Ярким примером реактуализации кажущихся анахроничными цирковых смыслов в широком гуманитарном контексте служит работа Жана Старобинского «Портрет художника в образе паяца», опубликованная в 1970 году. Исследуя природу «необычного пристрастия, побуждавшего писателей и живописцев XIX века изображать в своих произведениях… акробатов, клоунов и ярмарочную стихию» [Старобинский 2002: 504], автор отмечает, что со времен романтизма шут, акробат и клоун становятся гиперболическими и намеренно искаженными образами, с помощью которых художники все чаще осмысляют собственную судьбу и место искусства в обществе. Фигура клоуна не только амбивалентна и трансгрессивна, она также заключает в себе неисчерпаемый критический потенциал, ресурс негативности, который так легко пустить в дело и конвертировать в критику любого наличного, устоявшегося порядка вещей [Там же: 575—578; Handelman 1998: 236—265].

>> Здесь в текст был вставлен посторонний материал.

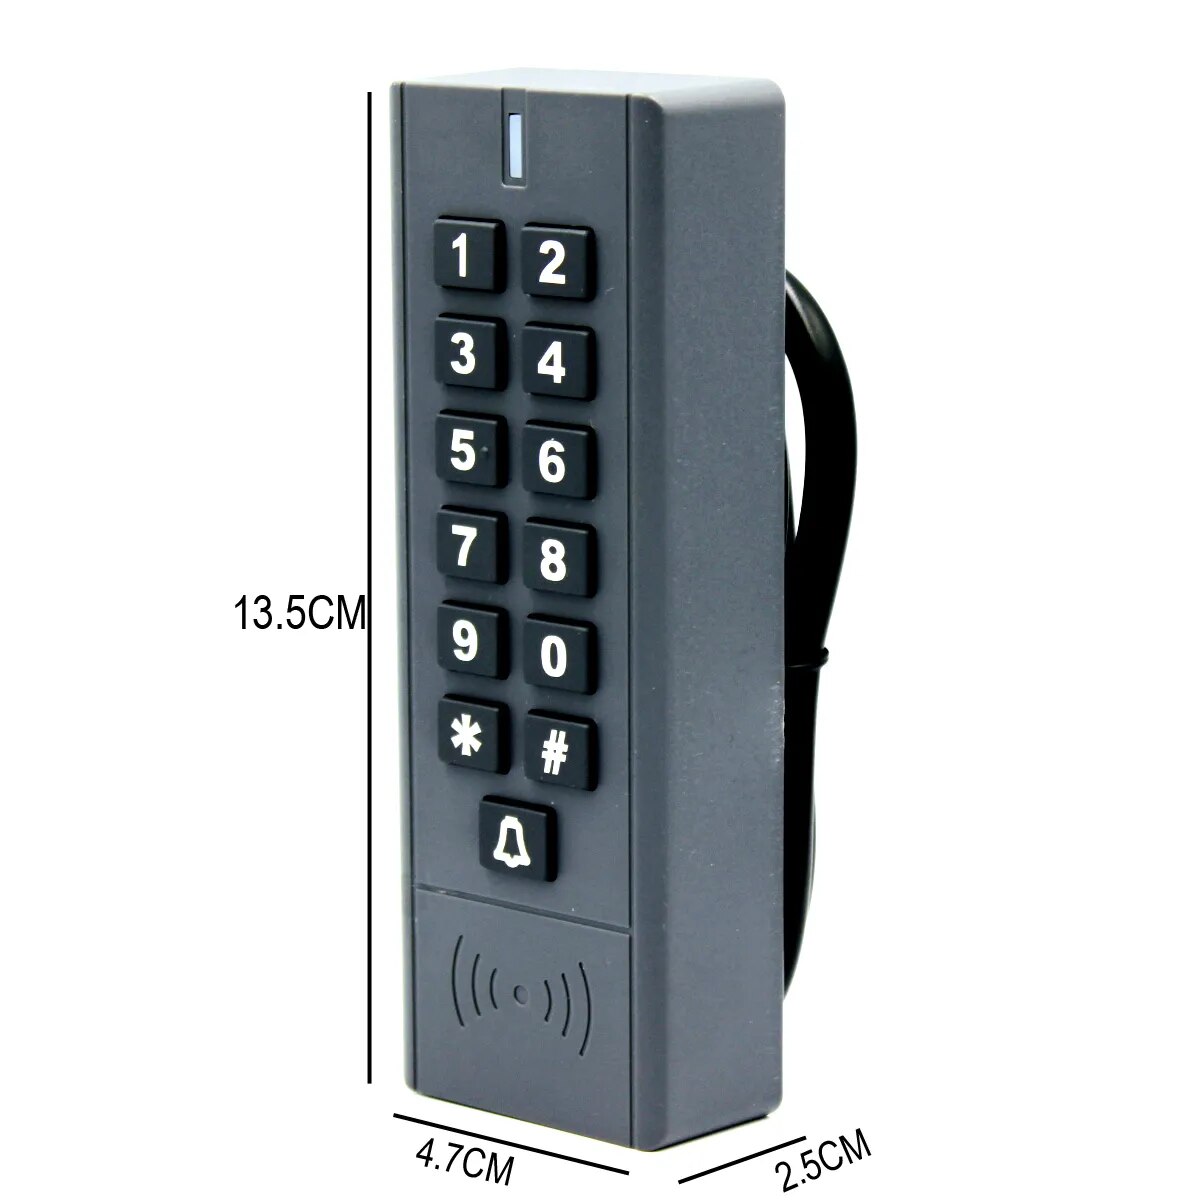 A9-S-EM 1000 User IP67 Waterproof Access Control Keypad Outdoor RFID Access Controller Door Opener System EM4100 125KHz Key Card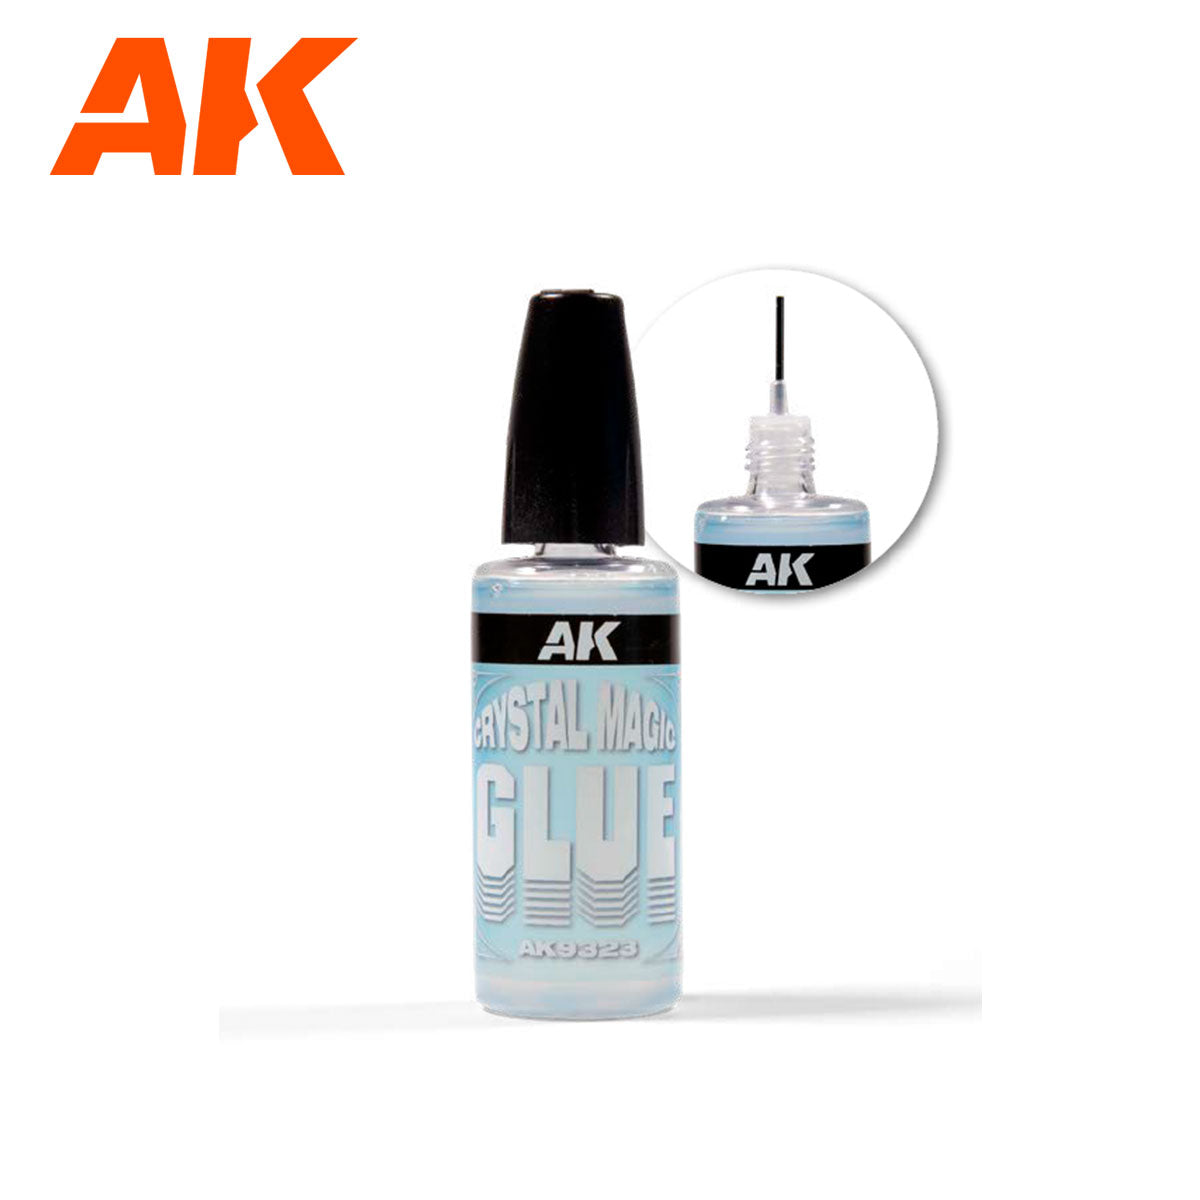 AK9323 - Crystal Magic Glue - 30ml

К 1970 году мир цирка становится объектом публичной критической рефлексии. Достаточно напомнить, что в этом же году выходит художественно-документальный фильм Федерико Феллини «Клоуны» — иронико-ностальгическое исследование умирающего «старого цирка». В фильме цирковые зрители присутствуют только в сценах, воссоздающих классические клоунские антре, тогда как заключительная клоунада с похоронами клоуна разыгрывается даже не при пустом зале, а в пространстве, напоминающем ангар, с несколькими установленными по краям манежа перевернутыми групповыми изображениями «публики». Примечательно, что в одной из сцен фильма появляются Жан Баптист Тьерри и Виктория Чаплин — пионеры «нового цирка» во Франции.

Полувеком ранее проблема публики остро встала и перед новым революционным советским цирком, призванным сменить собой старый, буржуазный цирк.

Евгений Кузнецов, первый советский цирковед, в своем хрестоматийном исследовании, впервые опубликованном в издательстве «Academia» в 1931 году [Кузнецов 1971], воссоздает широкую историко-социологическую панораму старого цирка.

Кузнецов отмечает, что первые стационарные конные цирки конца XVIII столетия заполнялись представителями родовой и военной аристократии, питавшими интерес к практическому коневедению. К середине XIX века стационары в крупных европейских столицах начинают ориентироваться на более однородные по своему социальному составу, более демократические городские буржуазные слои. Вторая половина века прошла под знаком стремительной демократизации цирковой публики. Первый русский стационарный цирк — цирк Гаэтано Чинизелли — был открыт в Петербурге в 1877 году. Дешевые места — второй ярус и стоячая галерея — имели отдельный вход с улицы, и само здание было спроектировано так, чтобы зрители верхних мест (мелкая буржуазия, ремесленники, нижние чины) не смогли общаться со зрителями партера и лож (аристократия, крупная и средняя буржуазия, чиновники, офицеры) и, главное, не смогли встретиться с ними в антракте в конюшнях. Московский цирк Альберта Саламонского на Цветном бульваре, открытый в 1880 году, ориентировался, напротив, на разночинную демократическую публику. В то же время зарождавшиеся в русской провинции передвижные цирки, такие, как цирк братьев Никитиных, делали ставку на городские низы.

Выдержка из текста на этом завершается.